SOURCE DATA:
=== Begin Enclosure ===

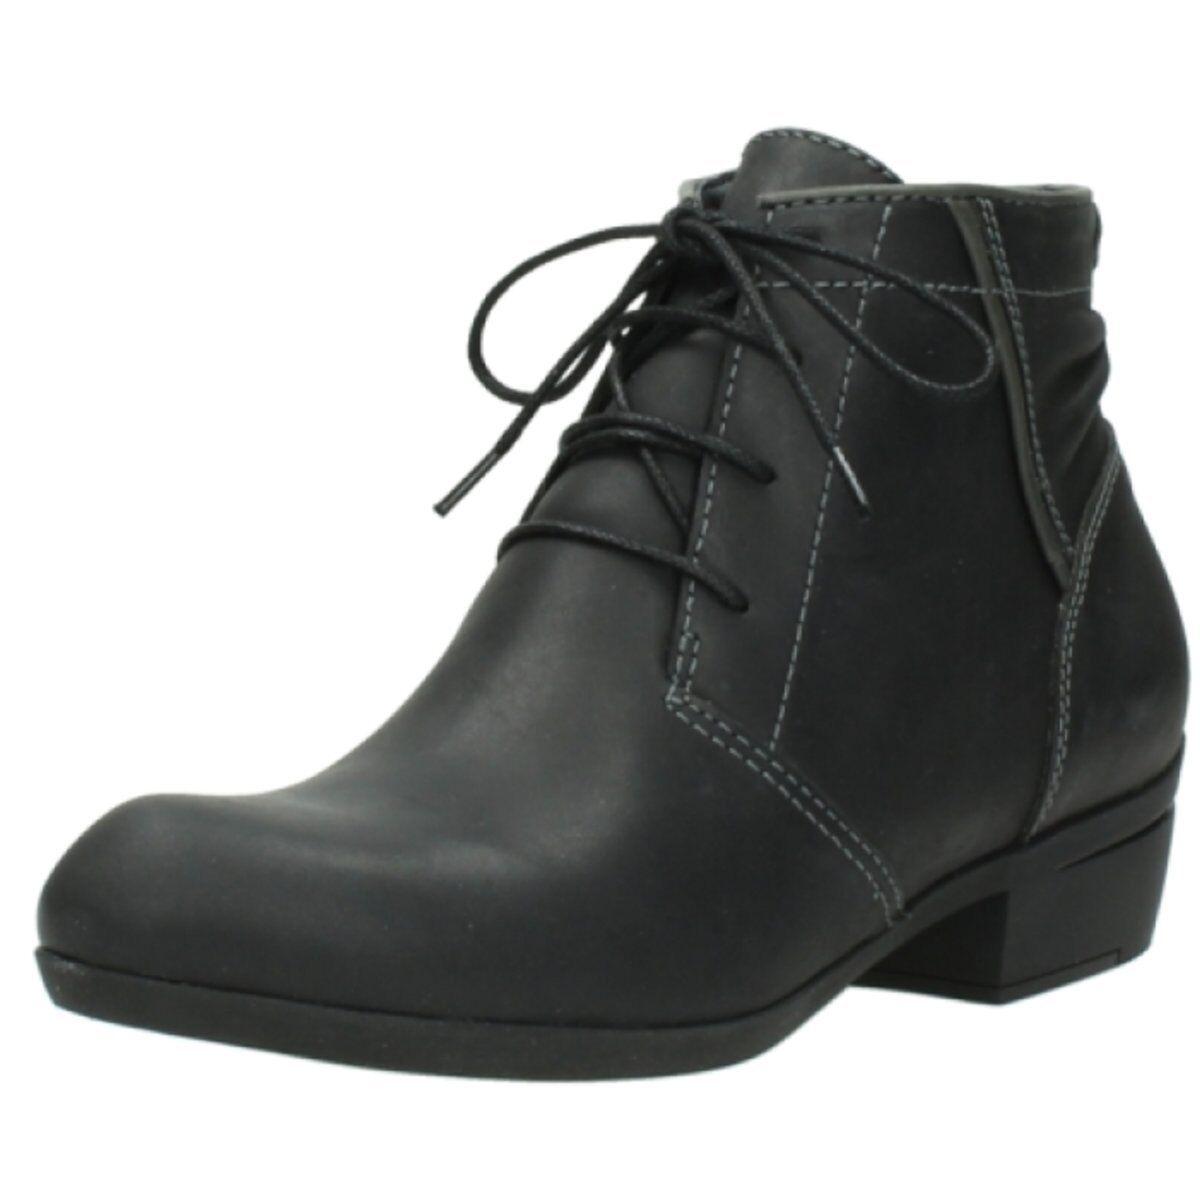 NEU Wolky Damen Stiefeletten El Dorado Algarve leather Blac 0095150002 grau
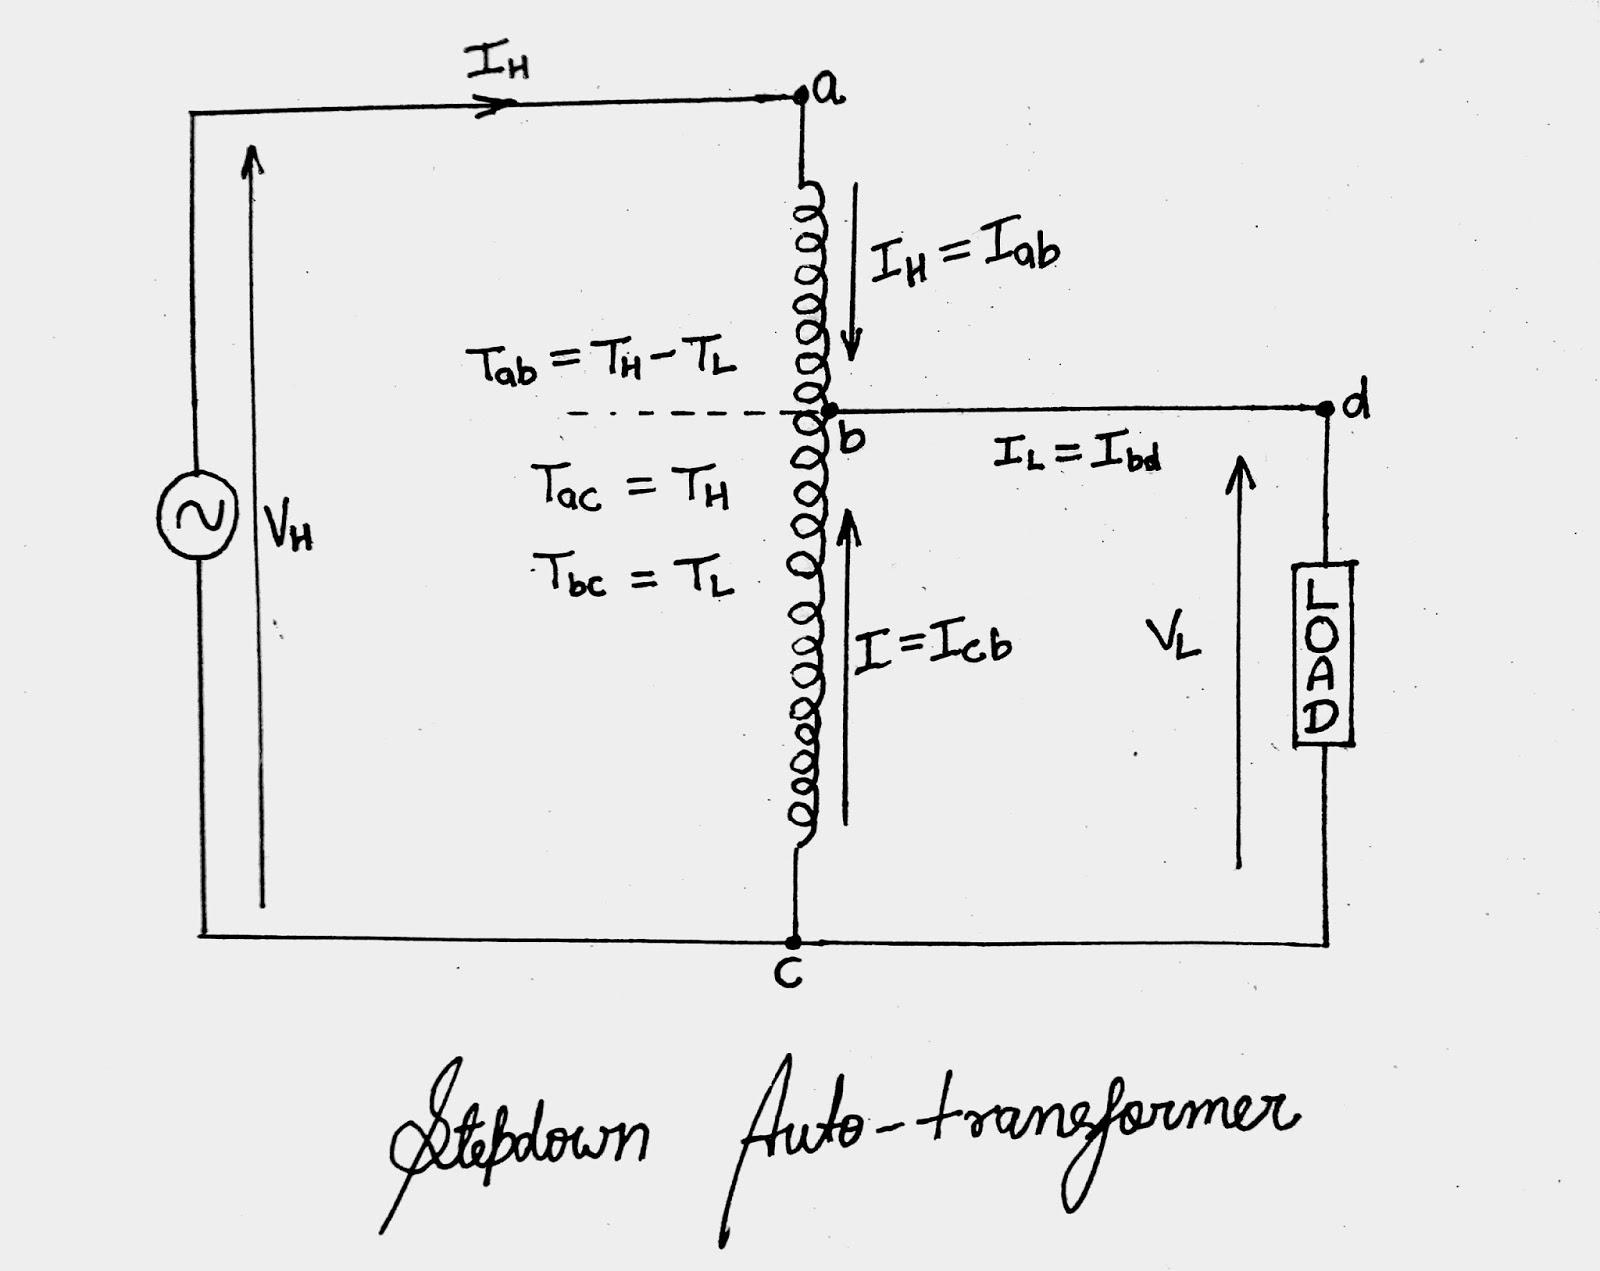 Auto Transformer Wiring Diagram International Tractor 674 Electrical Engineering Education Hub
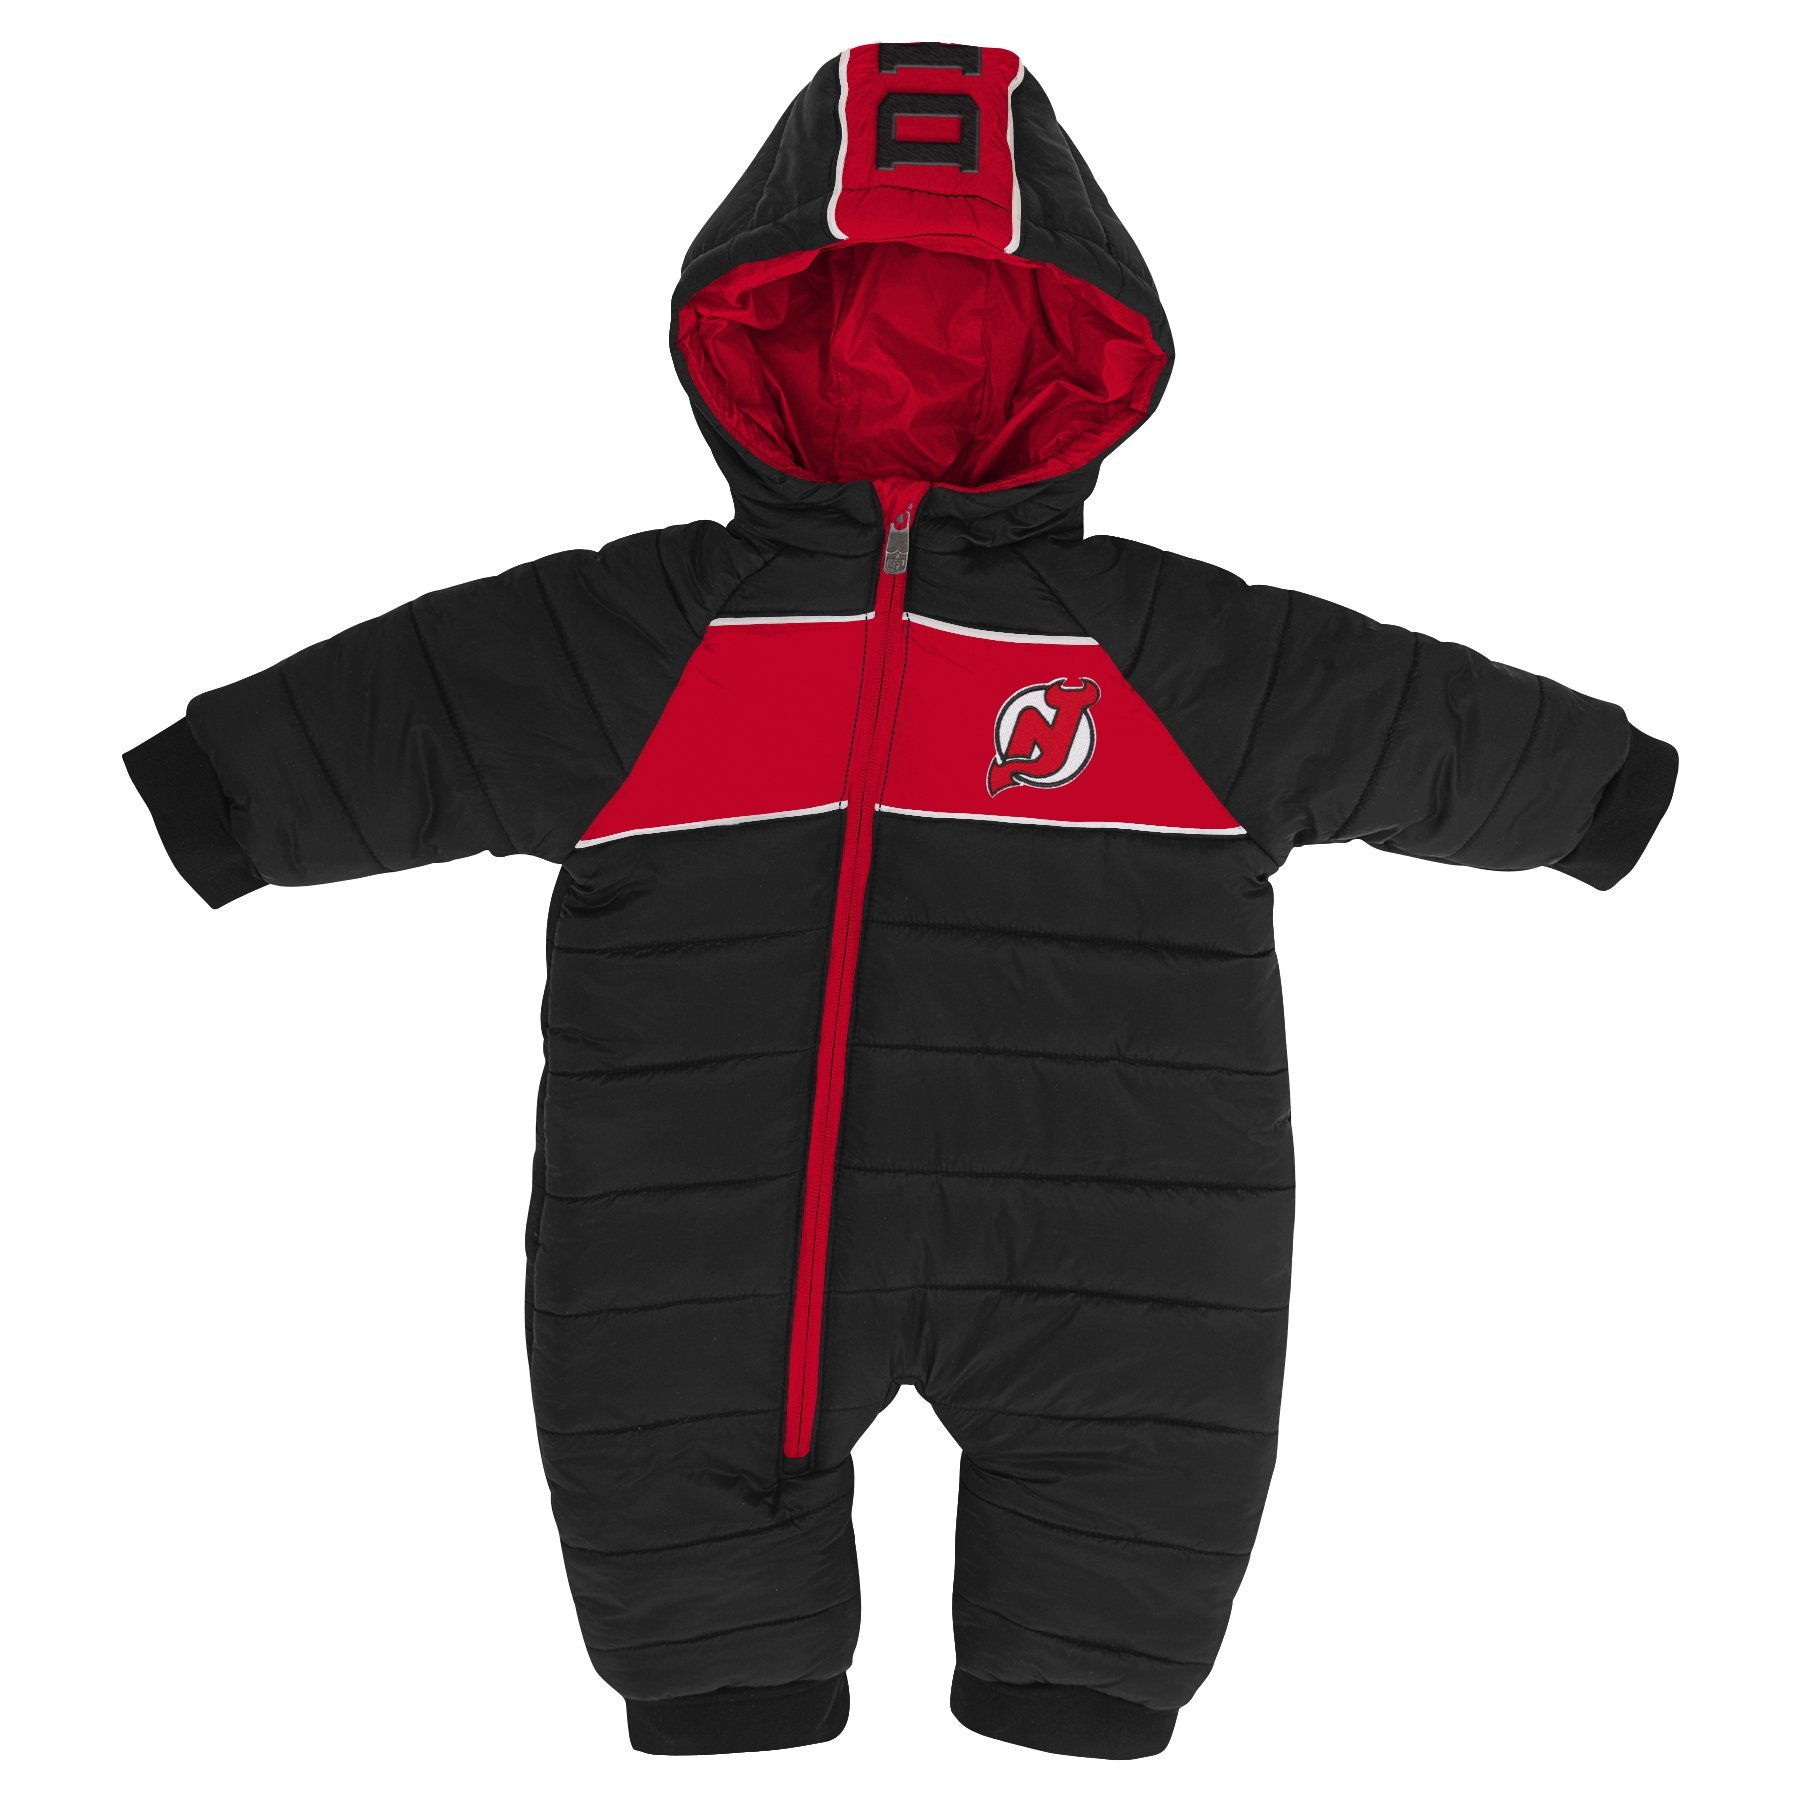 quality design c1c57 69618 Details about Outerstuff NHL New Jersey Devils Newborn & Infant Puck Drop  Puffer Bodysuit, B..

=== End Enclosure ===

WHAT IS BEING ASKED: Line for line, restate the data above and omit every picture.

EXERCISE ANSWER:
 NEU Wolky Damen Stiefeletten El Dorado Algarve leather Blac 0095150002 grau
 Auto Transformer Wiring Diagram International Tractor 674 Electrical Engineering Education Hub
 quality design c1c57 69618 Details about Outerstuff NHL New Jersey Devils Newborn & Infant Puck Drop  Puffer Bodysuit, B..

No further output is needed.